- The paper's main contribution is a variational optimization scheme that dynamically balances gradient estimators to overcome exploding gradients and TBPTT bias.
- The proposed method demonstrates faster convergence and lower test losses on CNN tasks compared to traditional optimizers like SGD and Adam.
- Improved training stability and promising generalization to out-of-distribution tasks pave the way for practical deployment of learned optimizers.
Understanding and Correcting Pathologies in the Training of Learned Optimizers
This essay provides an authoritative summary of the paper "Understanding and Correcting Pathologies in the Training of Learned Optimizers" (1810.10180). The paper addresses the challenges associated with training learned optimizers, focusing on two primary difficulties: exploding gradients and biases introduced by truncated backpropagation through time (TBPTT). It proposes a novel training scheme to overcome these pathologies, facilitating efficient learning of optimizers that outperform traditional hand-designed methods on specific tasks.
Introduction and Problem Statement
The training of learned optimizers refers to the process of developing optimization algorithms that are themselves learned components, often neural networks, rather than being hand-designed. This approach is inspired by the success of automatically learned features in deep learning, which have surpassed handcrafted features across various domains. However, unlike hand-designed optimizers (e.g., Adam, SGD), learned optimizers face significant training challenges, particularly energy bias and gradient explosion when performing TBPTT over many unrolled optimization steps.
Figure 1: Top: Schematic of unrolled optimization. Bottom: Definition of terms used in this paper.
The core problem emerges from the need to compute gradients of meta-parameters (parameters of the optimizer) through the optimization process of another model. This is computationally expensive and can lead to pathologies such as unstable gradient norms and biased updates, complicating the use and implementation of learned optimizers in practice.
Approaches to Unrolled Optimization
Unrolled optimization involves backpropagating gradients through the unrolled application of an optimizer on a target model. The paper highlights two critical issues in this process: gradient explosion and bias.

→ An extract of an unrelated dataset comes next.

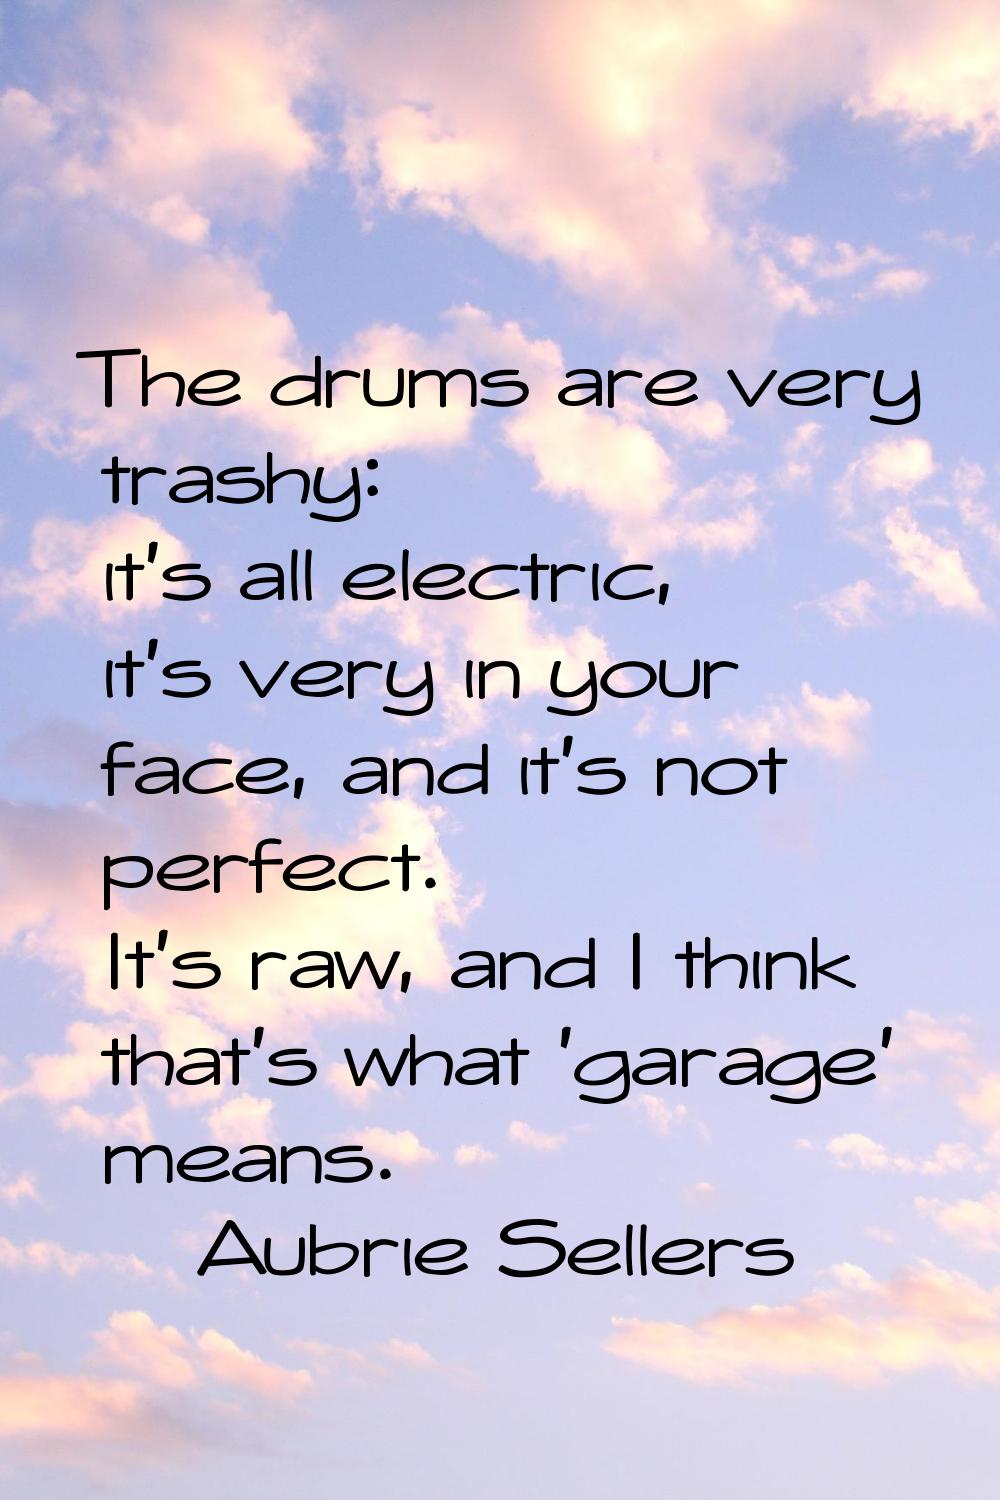 The drums are very trashy: it's all electric, it's very in your face, and it's not perfect. It's ra

- Exploding Gradients: When many optimization steps are unrolled, the gradient norm can grow exponentially, particularly if the sequence of steps forms a highly sensitive system.

Figure 2: Outer-problem optimization landscapes can become increasingly pathological with increasing inner-problem step count.
- Bias with Truncated Backpropagation: To alleviate computational costs, TBPTT is often employed, truncating the unrolled steps. However, this introduces bias, resulting in suboptimal updates for the optimizer parameters.
- Proposed Solution: The paper introduces a variational optimization approach combining two unbiased gradient estimators: a reparameterization-based gradient and an evolutionary strategy (ES) based gradient. By dynamically weighting these estimators inversely proportional to their variances, the approach mitigates both exploding gradients and bias.
Figure 3: Large biases can result from reducing the number of steps per truncation in unrolled optimization.
Experimental Evaluation
The proposed method was evaluated on tasks involving training convolutional neural networks (CNNs). The experiments highlighted the following:
- Performance Improvements: The learned optimizer trained using the proposed scheme demonstrated faster wall-clock convergence compared to tuned first-order methods like SGD+Momentum and Adam. It achieved lower test losses on image classification tasks, indicating improved performance generalization.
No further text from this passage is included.